Nanoparticles for Delivery of Nucleic Acid Cargos

Nanoparticles suitable for delivery of a linear DNA molecule are provided. Nanoparticles suitable for delivery of mRNA or DNA are provided. Further provided are uses of the nanoparticles including the use of the nanoparticles for treating disease and the use of the nanoparticles in vaccines.

DNA and mRNA vaccines use nucleic acid material coding for a specific pathogen's spike protein, or a cancer antigen, to trigger an immune response.

Nucleic acid vaccines are significantly easier and more cost-effective to manufacture than conventional vaccine platforms, including attenuated or inactivated proteins, or viral vectors.

The success of mRNA COVID vaccines from BioNTech and Moderna have demonstrated the safety and efficacy of mRNA vaccines, but they come with limitations such as cold-chain requirements. DNA vaccines, including the ZyCOV-D vaccine licensed in India, are more thermo-stable than mRNA vaccines, but have their own challenges, namely the requirement of electroporation as a delivery method, which is difficult to roll out in a pandemic situation.

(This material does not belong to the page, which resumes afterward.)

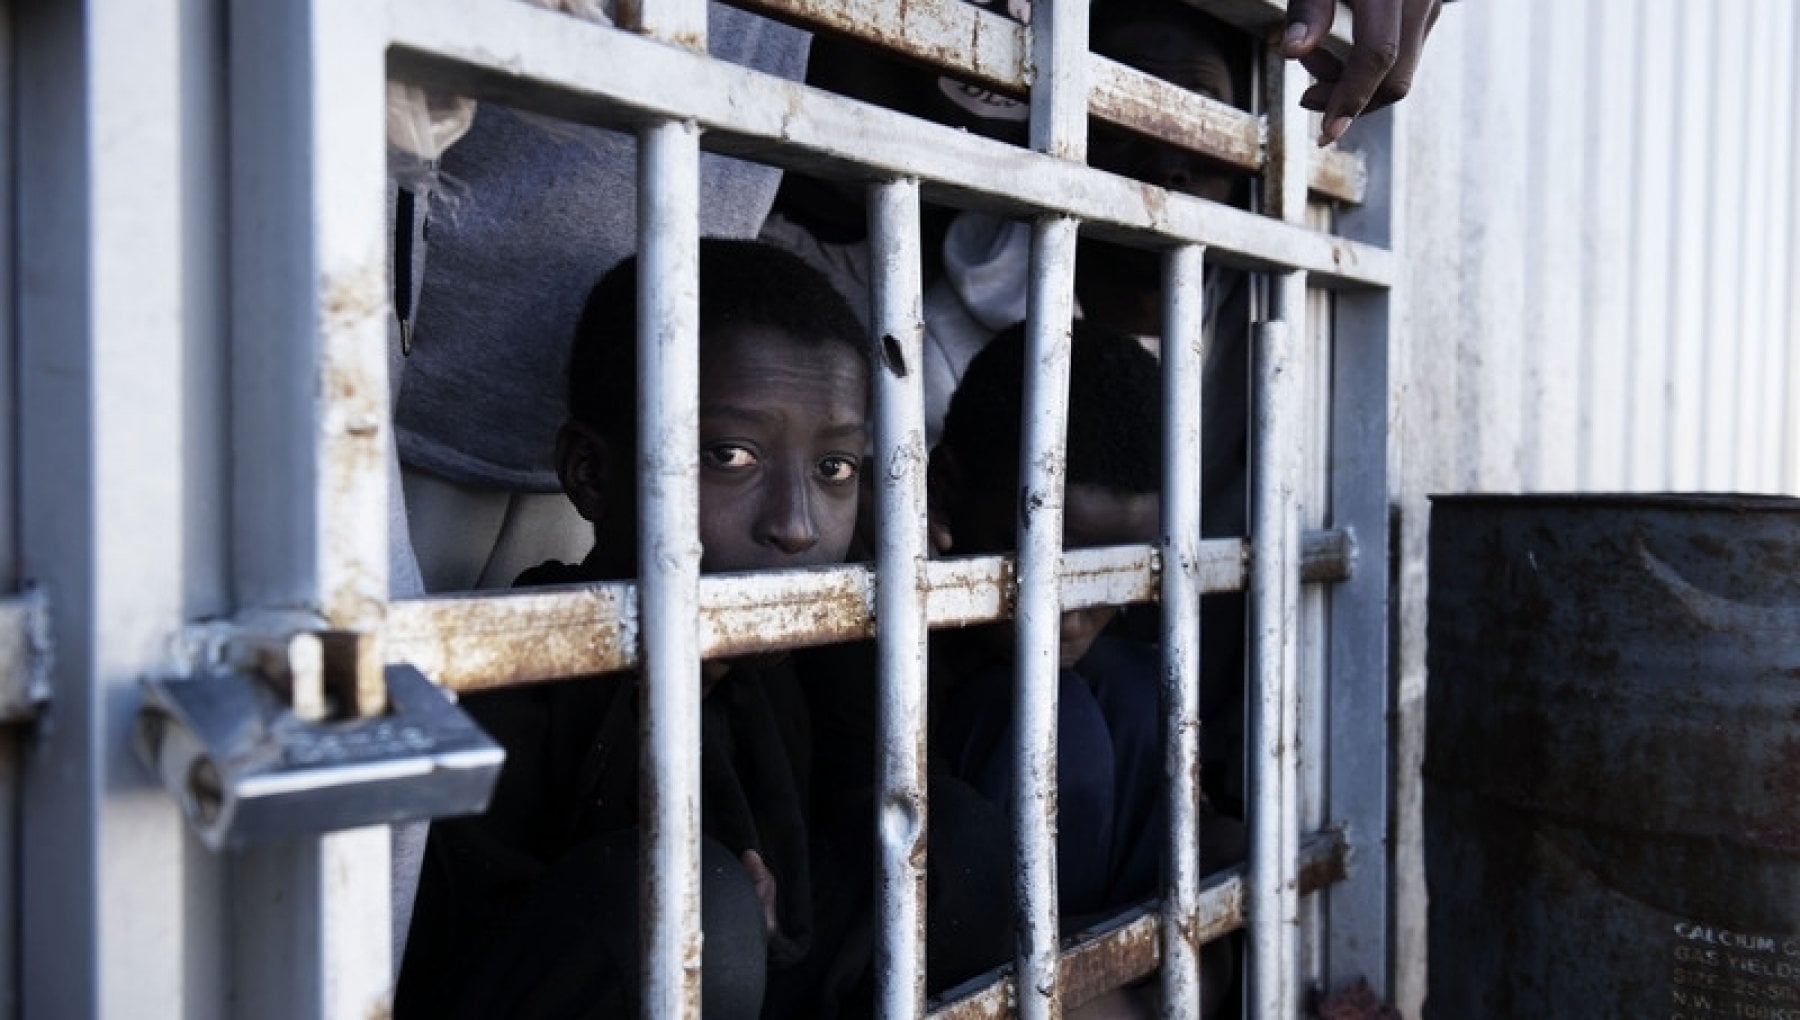 L'imminente arrivo di 685 mila migranti dalla Libia è un falso: l'analisi degli 007 forzata per scopi politici

As an alternative, viruses as delivery agents have the advantages of high efficiency and high cell selectivity, although they have the disadvantages of toxicity, risk of insertional mutagenesis, production of inflammatory responses, high likelihood of eliciting a host immune response or limited packaging capacity.

Non-viral gene delivery systems are based on the compaction of genetic material into nanometric particles by electrostatic interaction between the negatively charged phosphate backbone of nucleic acids and cationic lipids, peptides or other polymers (Erbacher, P. et al, Gene Therapy, 1999, 6, 138-145). Known complexes for delivery include lipoplex for lipid based nucleic acid complexes, polyplex for peptide or polymer-based complexes and lipopolyplex for hybrid systems (Felgner et al., Human Gene Therapy 8, 1997, 511-512).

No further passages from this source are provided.